You do not know me, though you may know of me. My name is Gideon Chase, and I need your help. I am prepared to reward you liberally for it. Help me and you will be rich — and a star.
Wait in the Baskin-Robbins on the corner of 15th and Madison. You may see a man in there who resembles your second husband. Look well, and not hurriedly. When he comes, he will show you where you may find me. When you do, I may confide the means by which you can become mistress of a small fortune within a year. I may also make you a star.
Tonight. Tell no one.
As she read, she heard the outer door of her apartment close. Hurrying out of her bedroom, she bolted and chained that door for the second time that night; her alarm system, a costly one that was supposed to be the last word in such things, had been switched off — though not by her.

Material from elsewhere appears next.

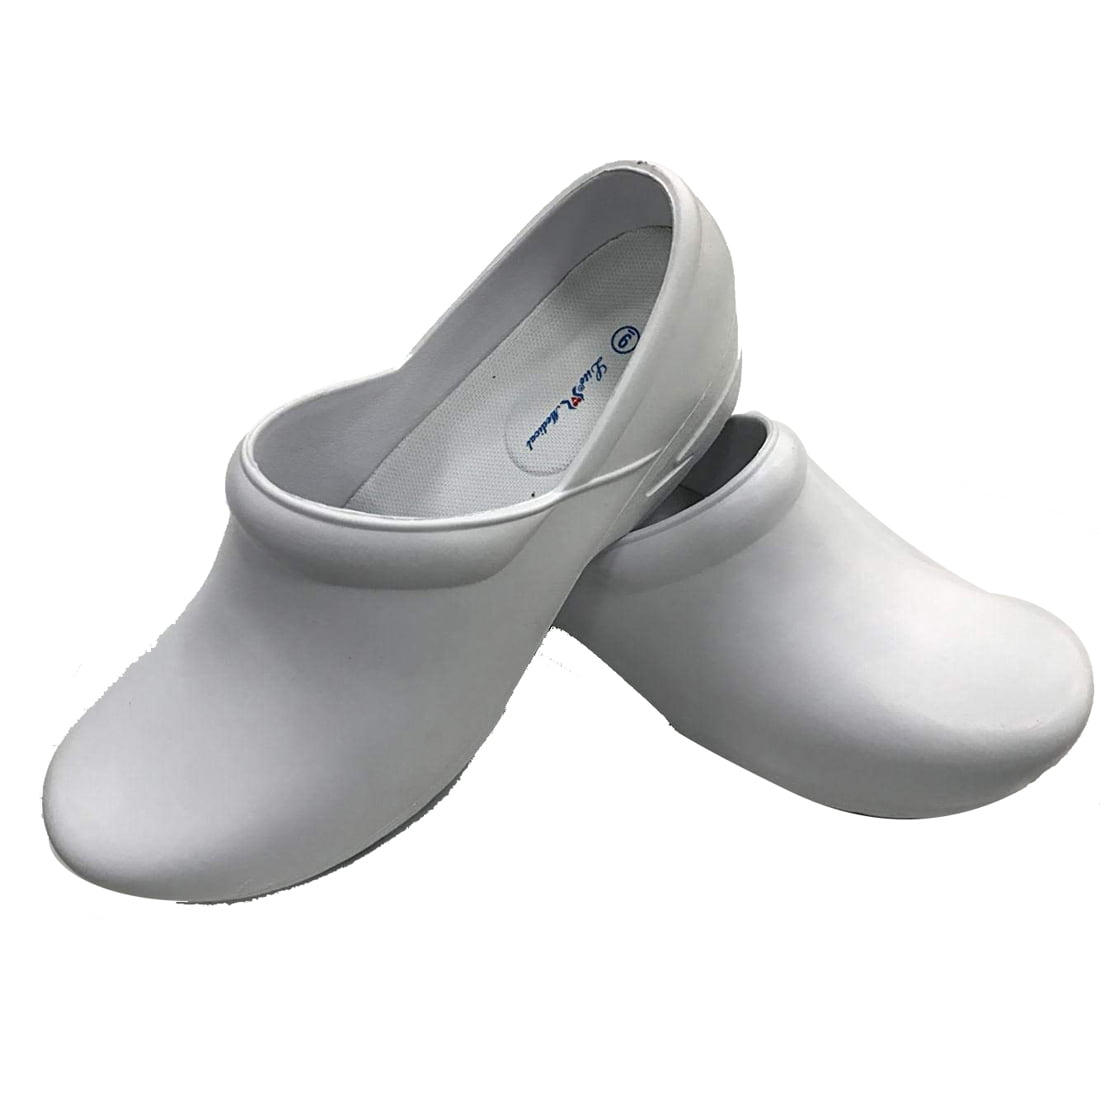 Details about   Womens Slip Resistant Breathable Nurse Hospital Shoes Slip on Loafers Gommino SZ

The note had been printed on a computer using the same program hers did, and the paper was, or at least might have been, her own Miracle Magnawhite. He had printed it out on her personal computer, almost certainly. Had he done more?
Ten minutes later, she shrugged and put her computer on SLEEP. If Dr. Chase had left a souvenir of his passing on her hard drive, it was too subtle for her antivirus software. Unfolding his note, she read it again. A small fortune. Stardom. It was not signed and so not provably his, although his fingerprints might well be on it.
She had a friend on the Sun-Tribunal; it was entirely possible that her friend was not yet asleep. Speed dialing made the call easy.
“Hello, Sharon? This is Cassie. I’m terribly sorry about bothering you so late, but this is pretty important. Or it might be.”
“It’s okay.” Sharon sounded drowsy. “I was just lying here thinking about lipstick.”
“Lipstick?”
“I try to name shades from A to Z. You know, Apricot Passion, Bathsheeba Pink, Coral Number Ten. It puts me to sleep.”